Raw data section start
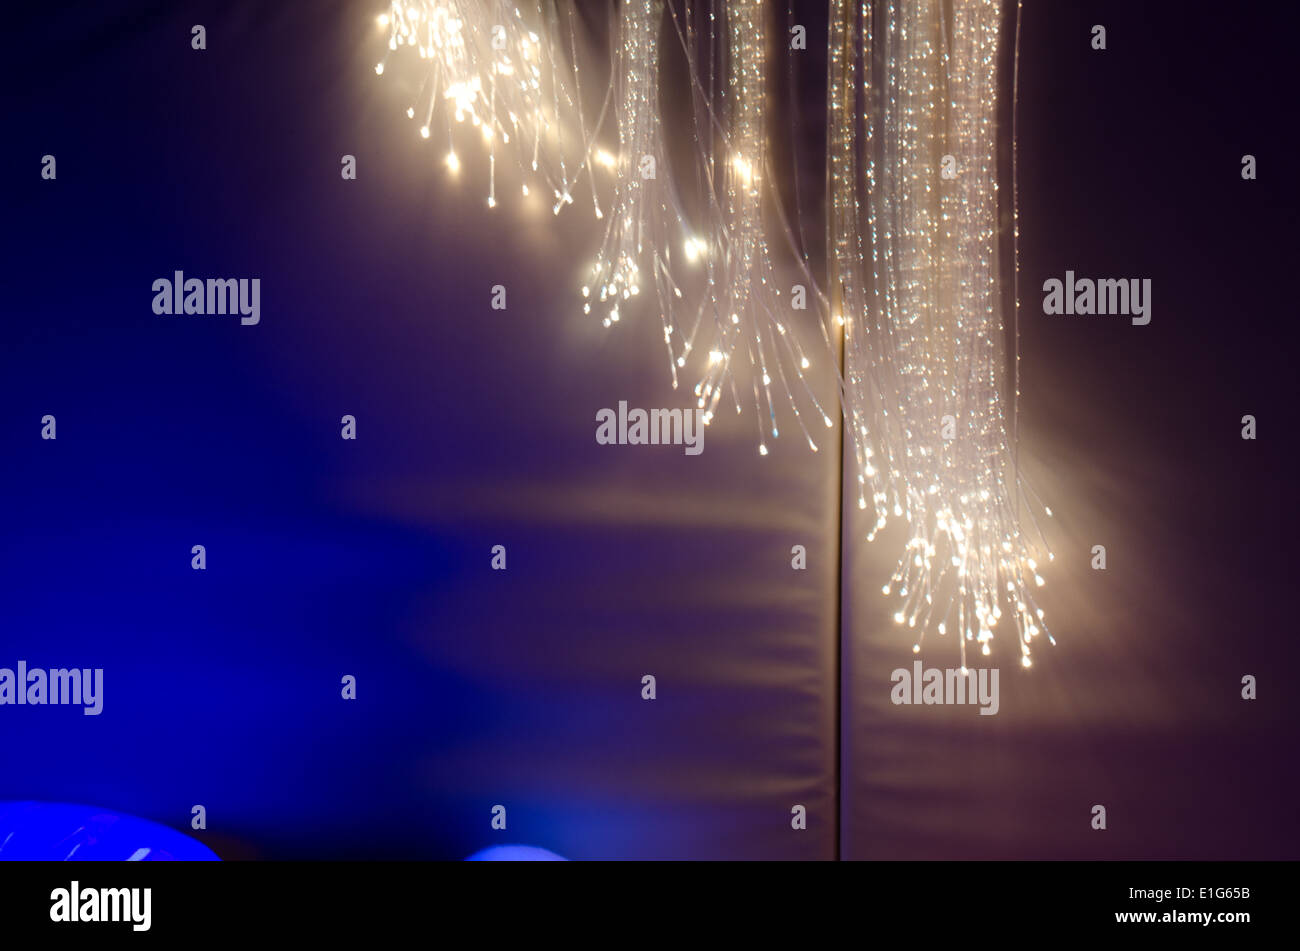 Faseroptische Beleuchtung in einer Behinderung Nächstenliebe Snoezelenraum  dunkel UV Beleuchtung Stockfotografie - Alamy
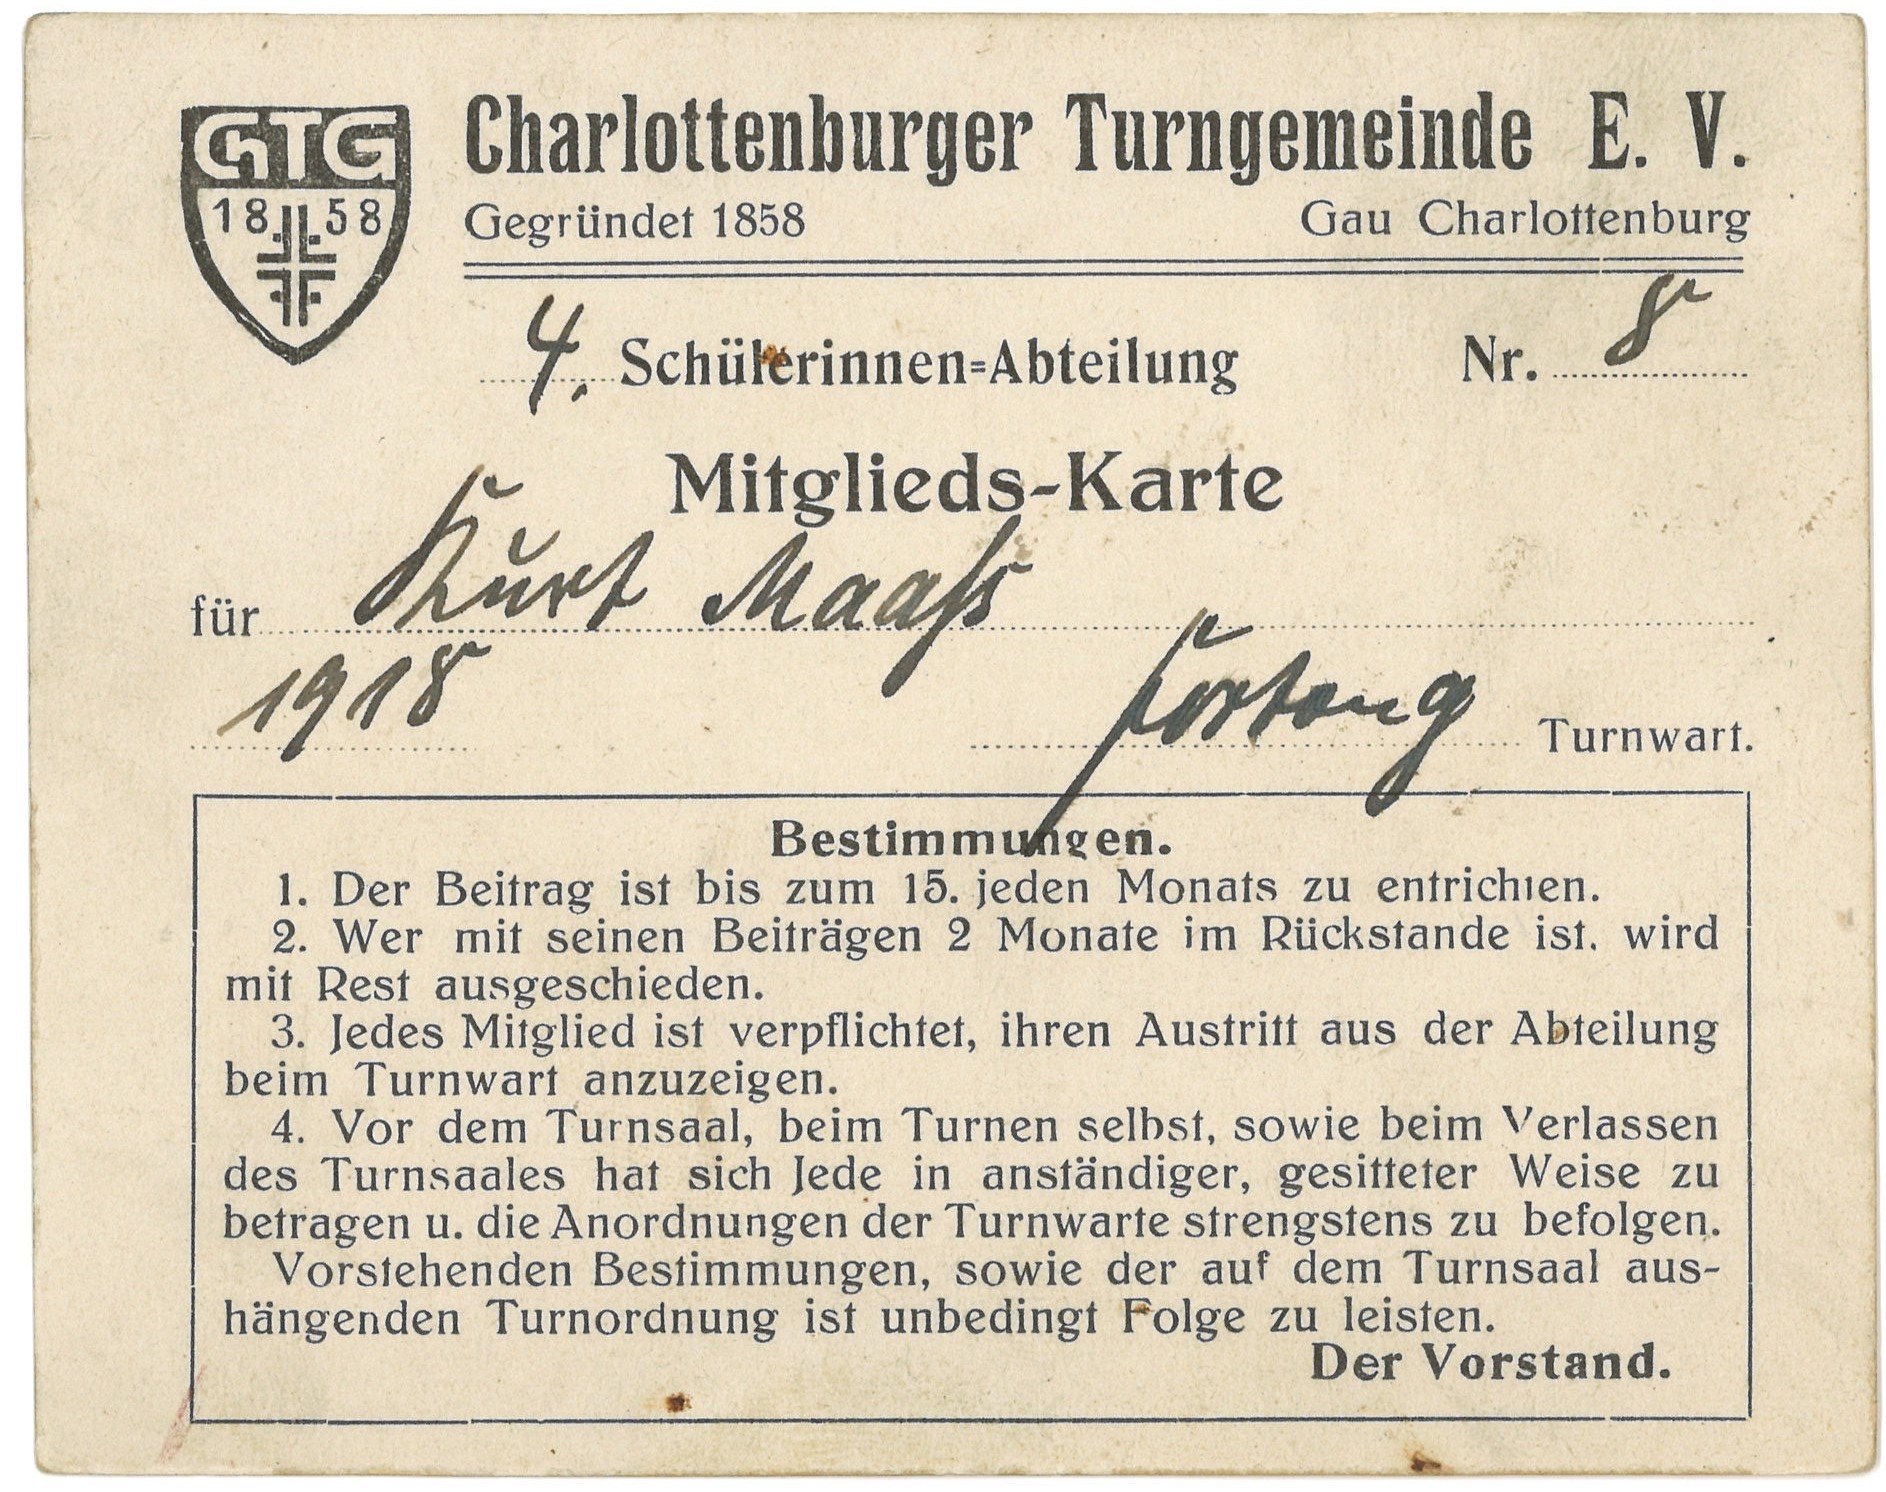 Mitgliedskarte der Charlottenburger Turngemeinde für Kurt Maaß 1918 (Landesgeschichtliche Vereinigung für die Mark Brandenburg e.V., Archiv CC BY)
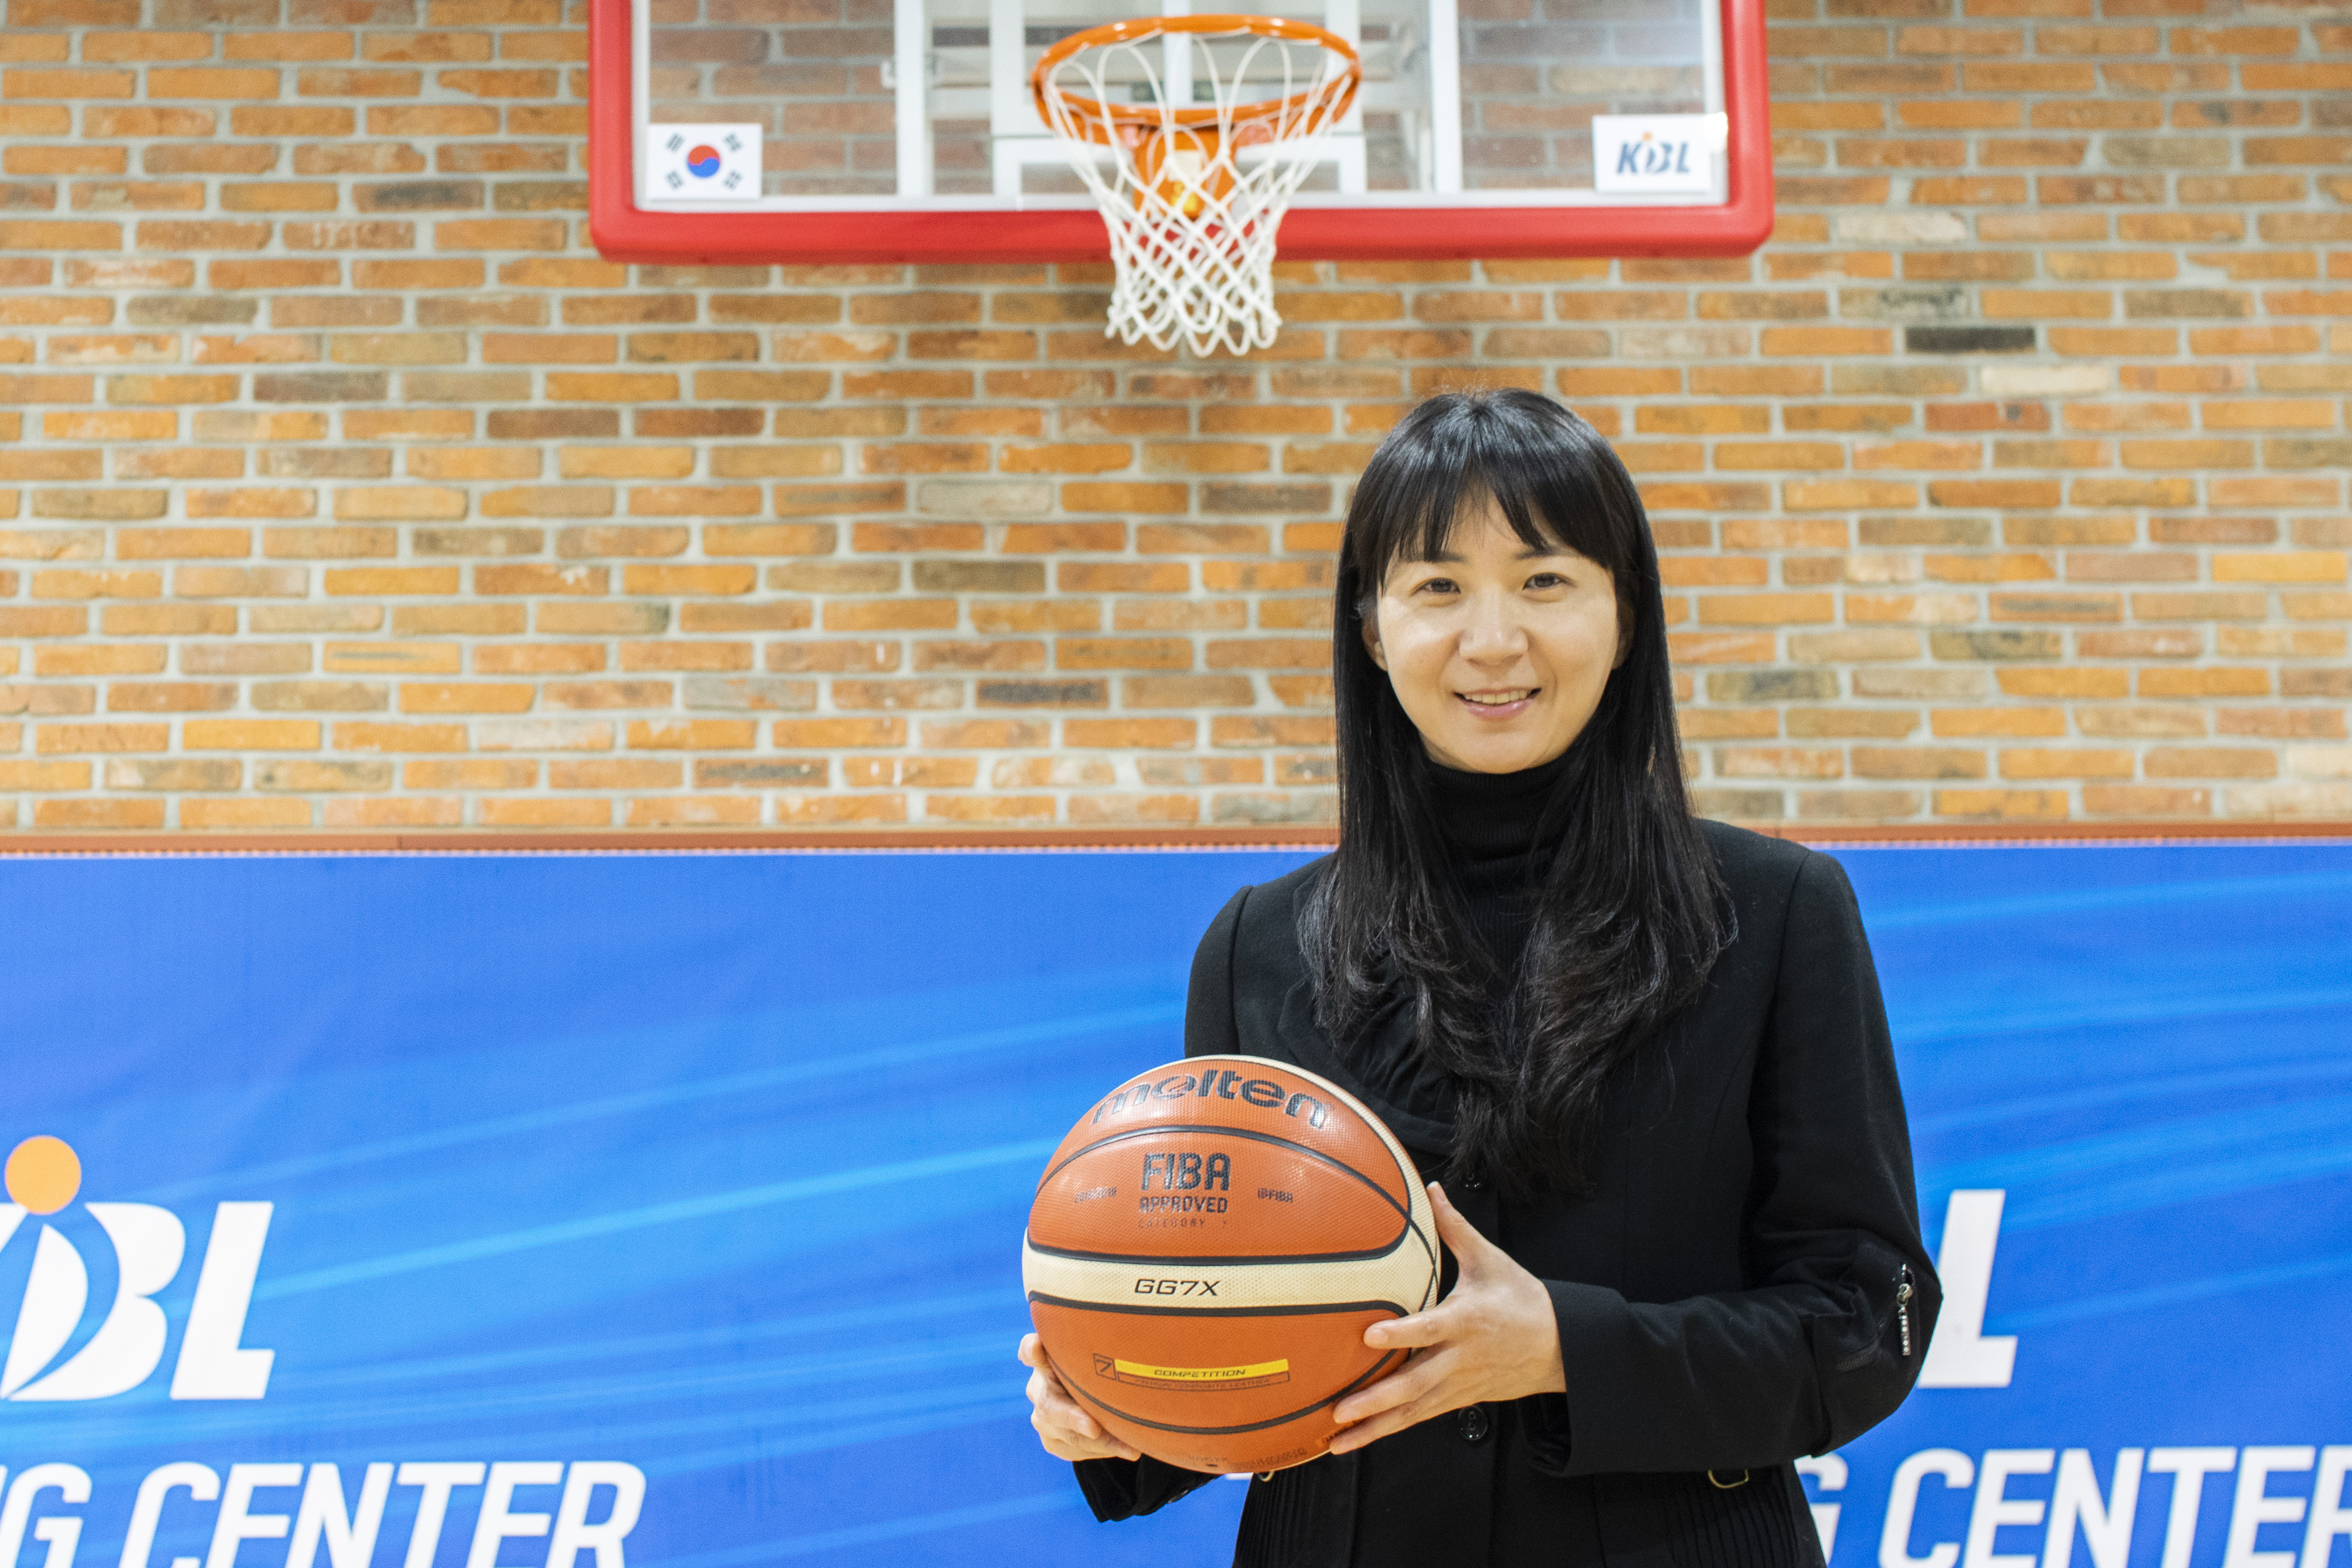 홍선희 심판이 지난 10일 서울 강남 KBL센터 지하 트레이닝실에서 농구공을 들고 미소 짓고 있다.
Raw data section end
Omit the pictures and write out the remaining data exactly.

 Faseroptische Beleuchtung in einer Behinderung Nächstenliebe Snoezelenraum  dunkel UV Beleuchtung Stockfotografie - Alamy
 Mitgliedskarte der Charlottenburger Turngemeinde für Kurt Maaß 1918 (Landesgeschichtliche Vereinigung für die Mark Brandenburg e.V., Archiv CC BY)
 홍선희 심판이 지난 10일 서울 강남 KBL센터 지하 트레이닝실에서 농구공을 들고 미소 짓고 있다.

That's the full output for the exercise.